Несколько дней мы бесцельно пытались сделать что-нибудь, наладить рухнувшее дело: своими слабыми руками поднять упавшую твердыню. Ничего нельзя было сделать. Не было людей. Кругом было мертво.
Тогда мы решили отдохнуть здесь. Просто отдохнуть, — а потом ехать дальше.
— На востоке, — весело скаля свои ослепительно белые зубы, говорил Самуил: — на востоке есть море — большое море, — туда и двинемся!..
И вот начался наш отдых.
Мы ходили по окрестностям города. Нарочно утопали в равнинах рыхлого еще молодого снега. Взбирались на горы, оставляя за собой глубокий синеющий след, и оттуда глядели вниз на уютный городок. И смех звучал у нас радостно и безмятежно.
Так, пьяные от непривычного какого-то созерцательного чувства, такие ровные и спокойные, точно омытые небывалой свежей волною, жили мы несколько дней. И в эти немногие дни мы оба — я и Самуил — обрели какую-то странную и высокую способность чувствовать все, чем жили мы, и что только вчера наполняло нас всецело и всепокоряюще, и все окружающее точно где-то вне нас, далеко-далеко от нас, где-то внизу, где-то давно... Точно были мы на вершинах, а там, под нами, у подошвы горы рассыпались бесцветные, ненужные и такие обычные камни.
И рядом с этим удивительным чувством уживалась в нас серебряная, почти детская беспечность. Беспечность, с которой люди, улыбаясь и бессознательно дразня судьбу, ходят по самому краю пропасти.
Городок был маленький, а, между тем, в нем было несколько недурных ресторанов. Они выросли во время только что окончившейся войны. Тогда в них было шумно, толпились люди, потянувшиеся за армией, по-видимому, без цели, гремели неслыханные кутежи и проедались громадные деньги. Теперь, с опустошением, произведенным пришедшей разрухой в городе, замерла жизнь и во всех ресторанах. В залах со столиками и холодными зеркалами по стенам было безлюдно. Лакеи лениво двигались и лениво же служили редким, неожиданным посетителям.
Мы, в своем безделии, изредка заходили в тот или иной ресторан обедать. Сперва нам было безразлично, в каком из них съесть свой обед: там ли, где уныло, точно бессильный нарушить привычку, гремел дамский оркестр, или там, где так же уныло и бесстрастно играл какой-то струнный квартет. Но потом мы стали предпочтительней ходить в тот из них, где, вместо голодных дам и сонных музыкантов, услаждал обеденное время гостей тапер: высохший с желтым пергаментом на лице и голом черепе, вместо кожи, старик. Пальцы у него были узловатые, полупрозрачные и ими он быстро и нервно скользил по желтоватым клавишам.

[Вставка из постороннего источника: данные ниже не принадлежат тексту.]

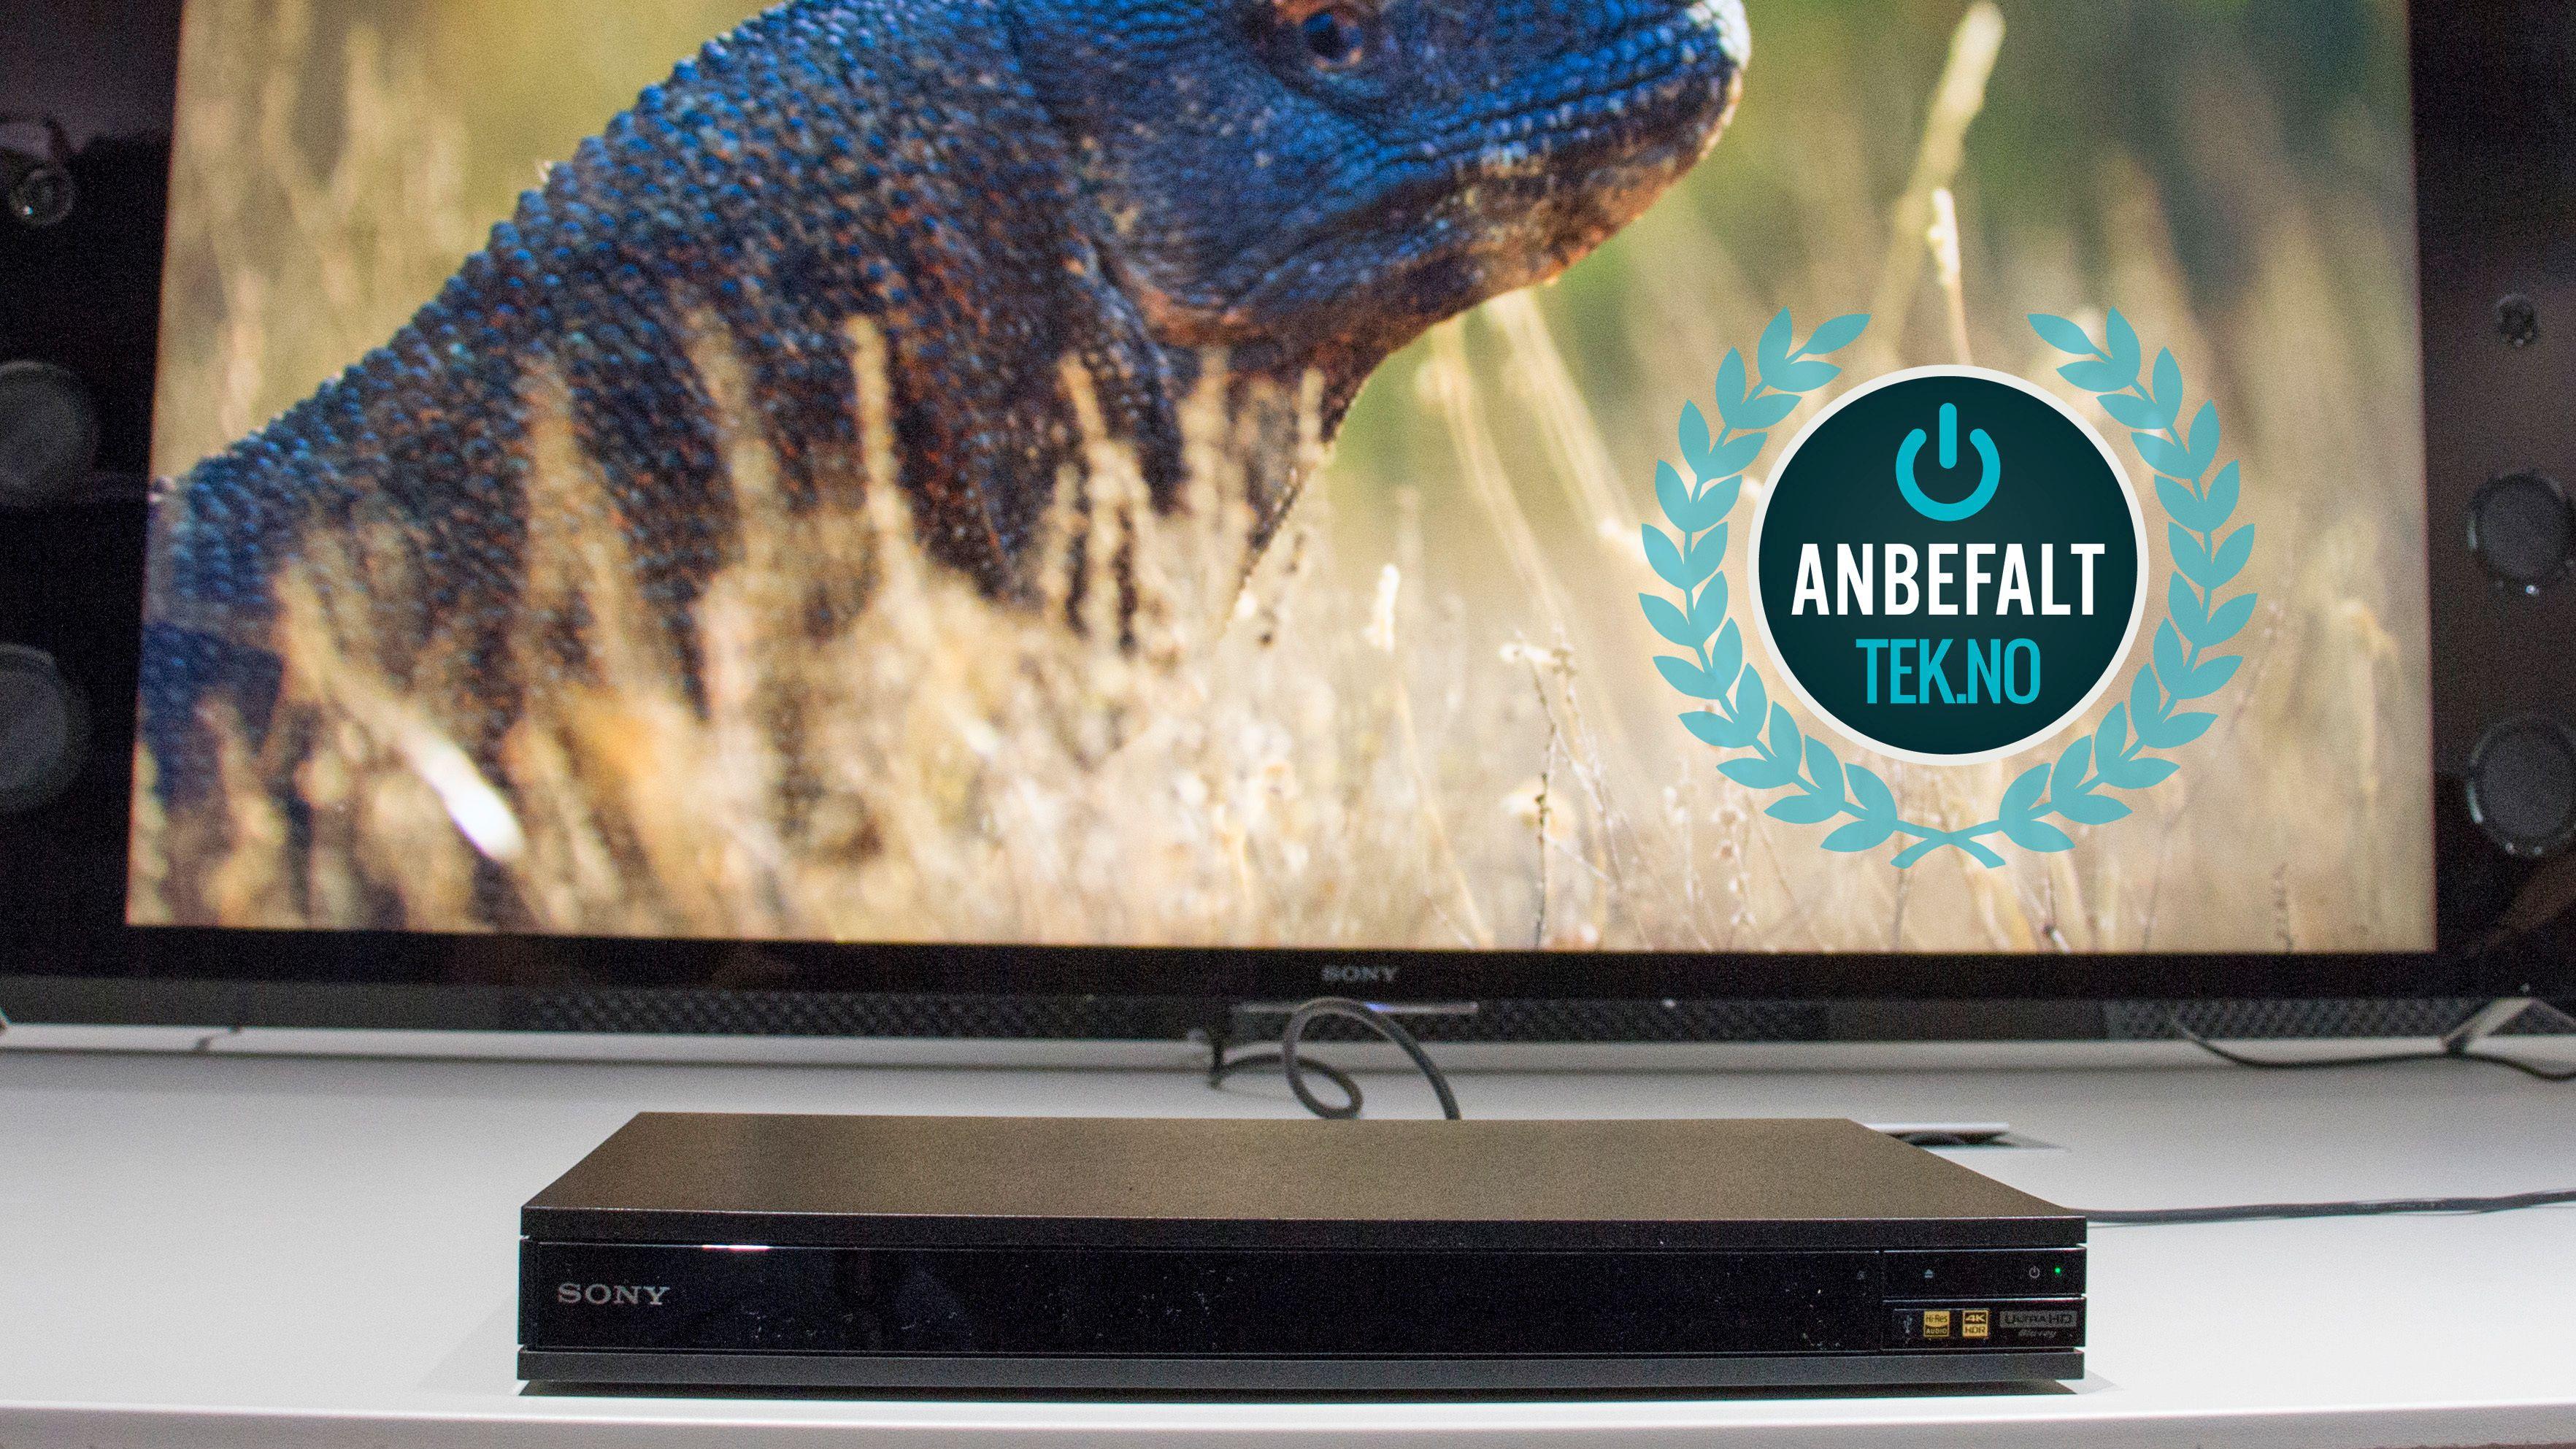 Sonys nye UHD Blu-ray er et anbefalt produkt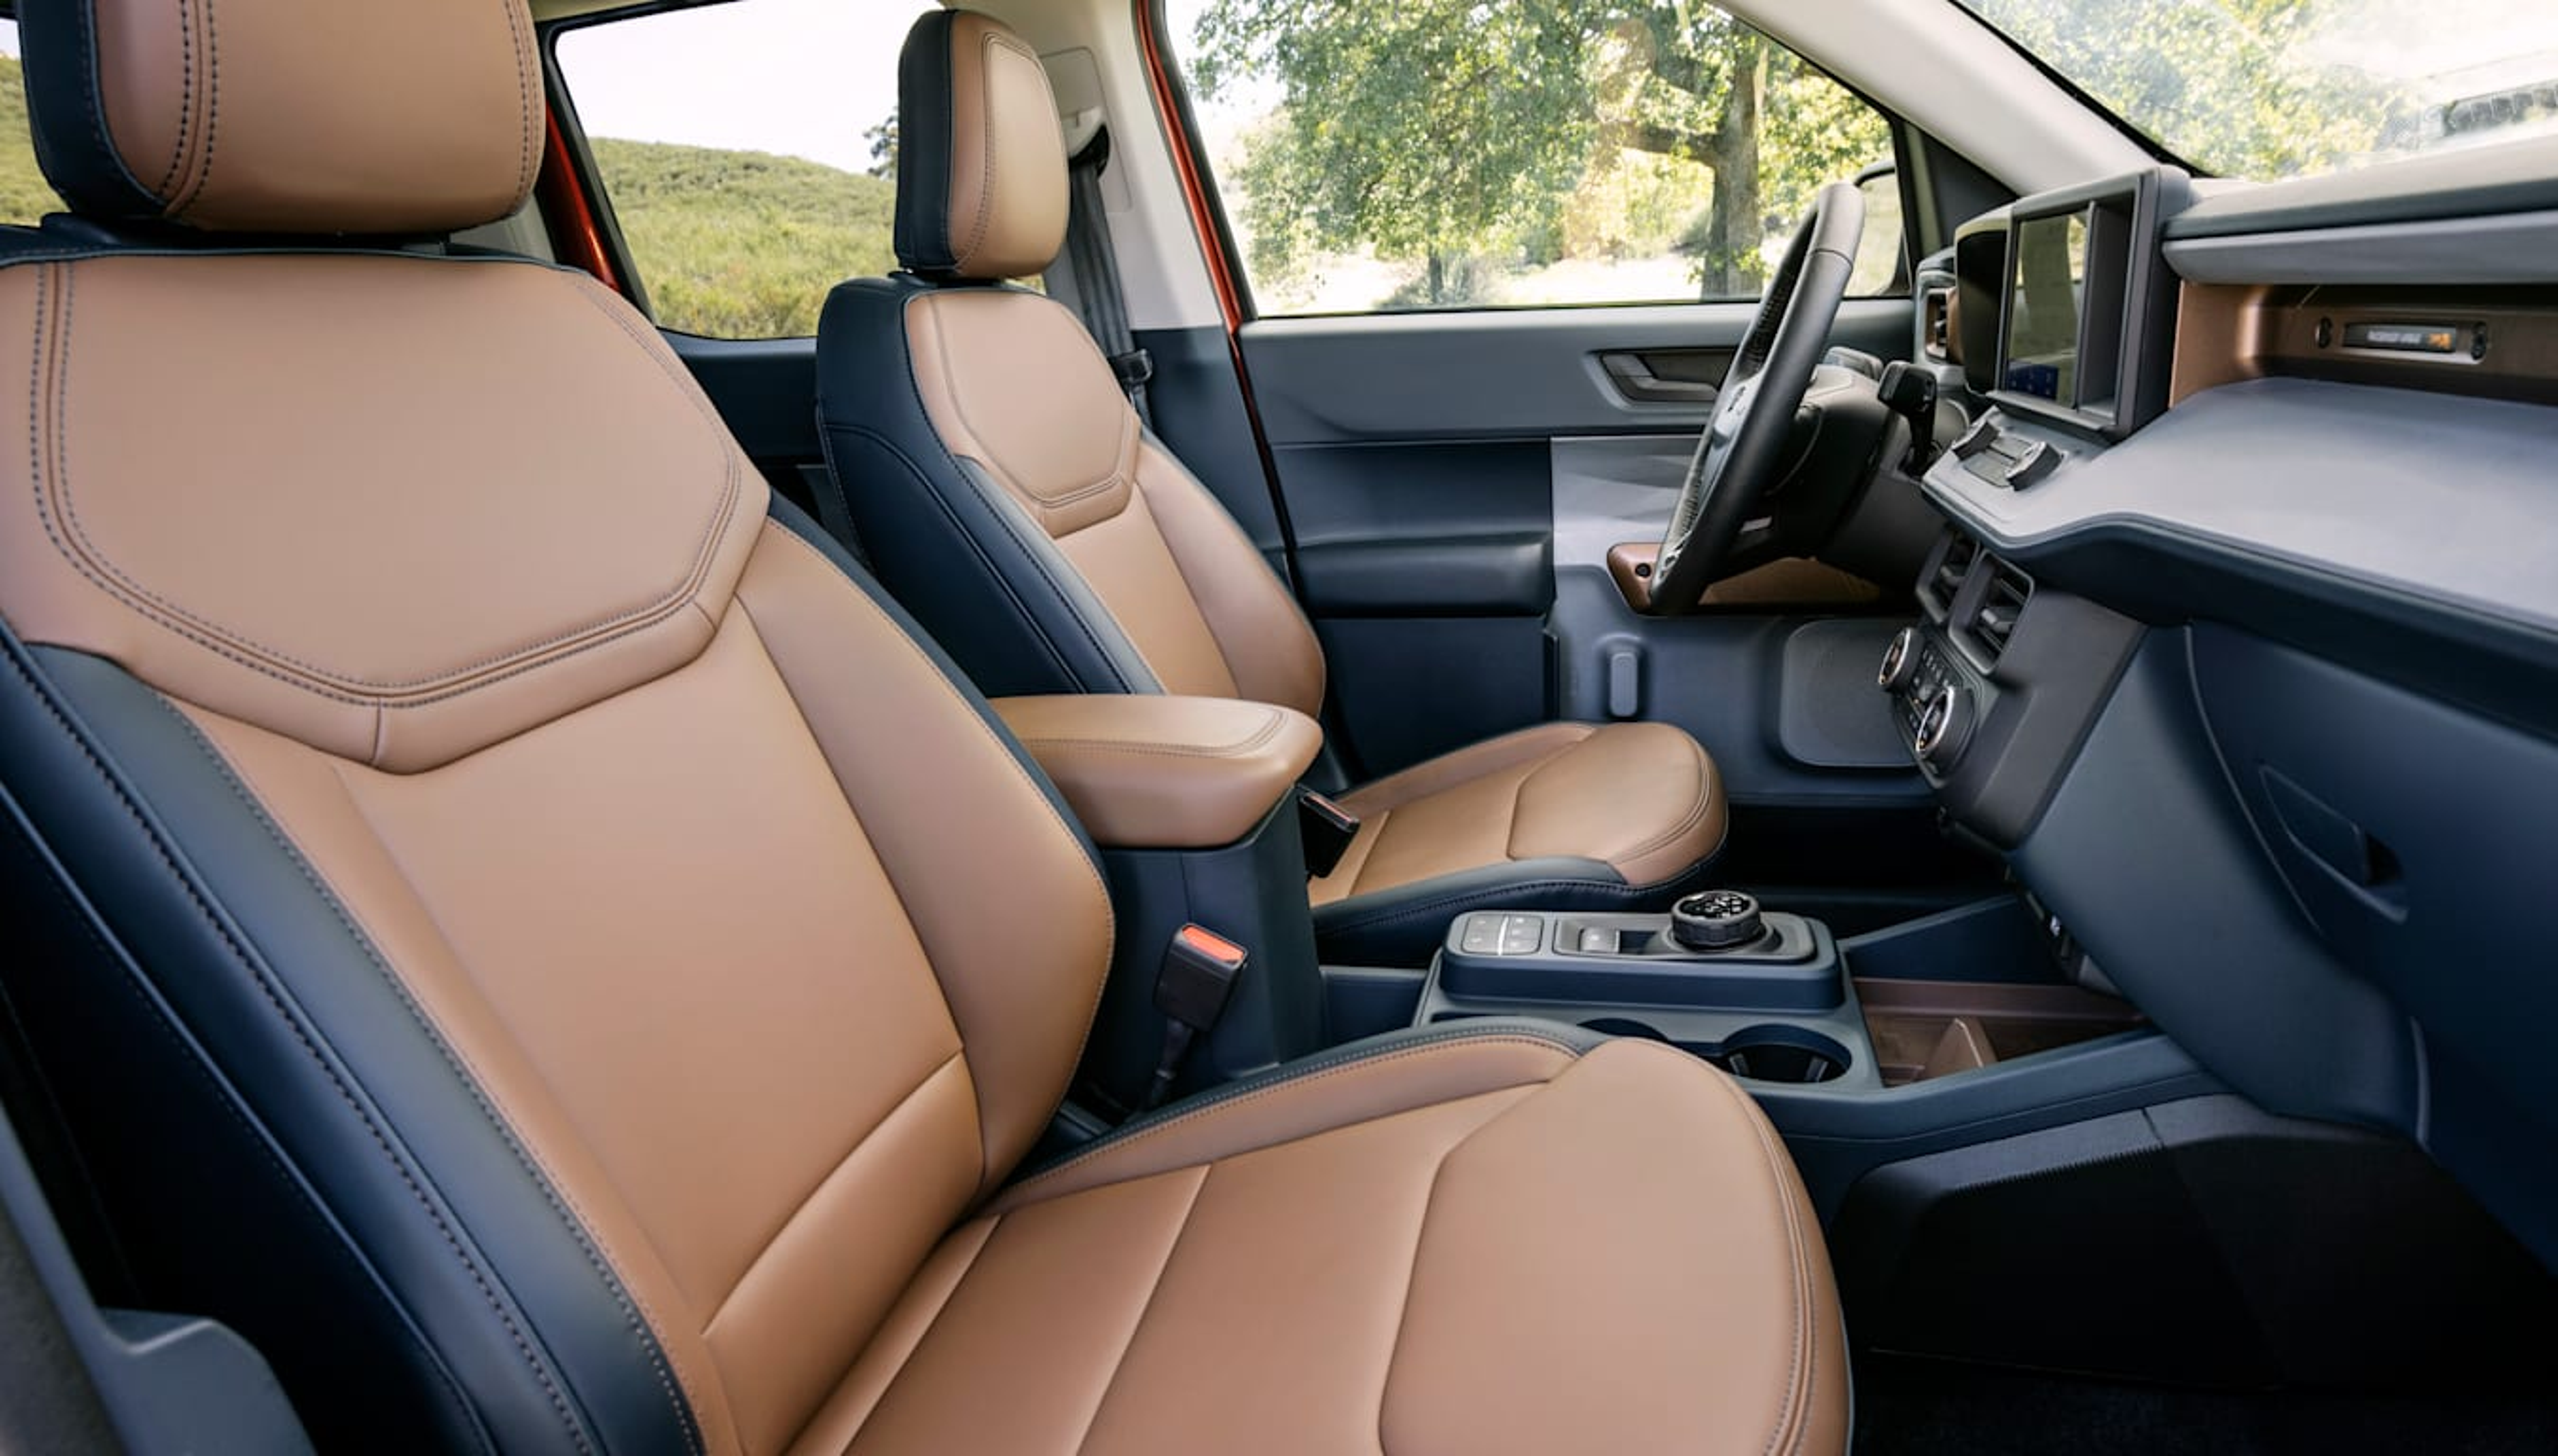 Ford Maverick 2 L Eco Boost AWD Lariat 15

Играл он все такие заигранные старые вальсы — такие же старые, как он сам. Играл менуэты и сантиментальные простенькие романсы, от которых веяло жутью и вместе с тем прелестью старости. И только тогда, когда посетители, редкие посетители этого ресторана, просили, чтоб он сыграл что-нибудь свеженькое, — пальцы его ударяли с неожиданной силой — и сумрачной волною взлетали к лепному потолку волнующие, развратно-зовущие звуки матчиша[1].
Однажды, придя в этот ресторан, мы почувствовали в нем какую-то тревожную сутолоку, на которую впрочем не обратили большого внимания. Лакеи были оживленно-суетливы, столы сдвинуты как-то по-необычному и в белом зале с раскрашенными лепными стенами точно светлее обыкновенного. Но никого в нем не было — мы вошли одни. И нас встретили почти изумленными взглядами.
Тапер был на своем месте. Он дремал, облокотись на крышку закрытого рояля. Спросонья поднял он на нас свои небольшие выцветшие глаза и снова задремал. Мы заняли столик возле него. Нехотя подошел к нам лакей — с большей даже неохотой, чем раньше. И потом долго-долго копался где-то пока подал нам заказанное.
Самуил обернулся к старику-таперу и окликнул его. Тот повернул свою голову в нашу сторону и улыбнулся приветливо как знакомым.
— Сыграйте нам что-нибудь, пожалуйста! — попросил его Самуил.
Старик тряхнул головой и привычным движением открыл крышку рояля и удобнее придвинул свой табурет,
— Чего прикажете? — суховато спросил он: — Что сыграть? — Мы переглянулись. Замялись. Хотелось хорошей музыки, но откуда она возьмется здесь, в обстановке дешевого ресторана, под пальцами этого старика?
— Знаете что? — решил я: — Вы нам сыграйте то, что сами больше всего любите! Хорошо!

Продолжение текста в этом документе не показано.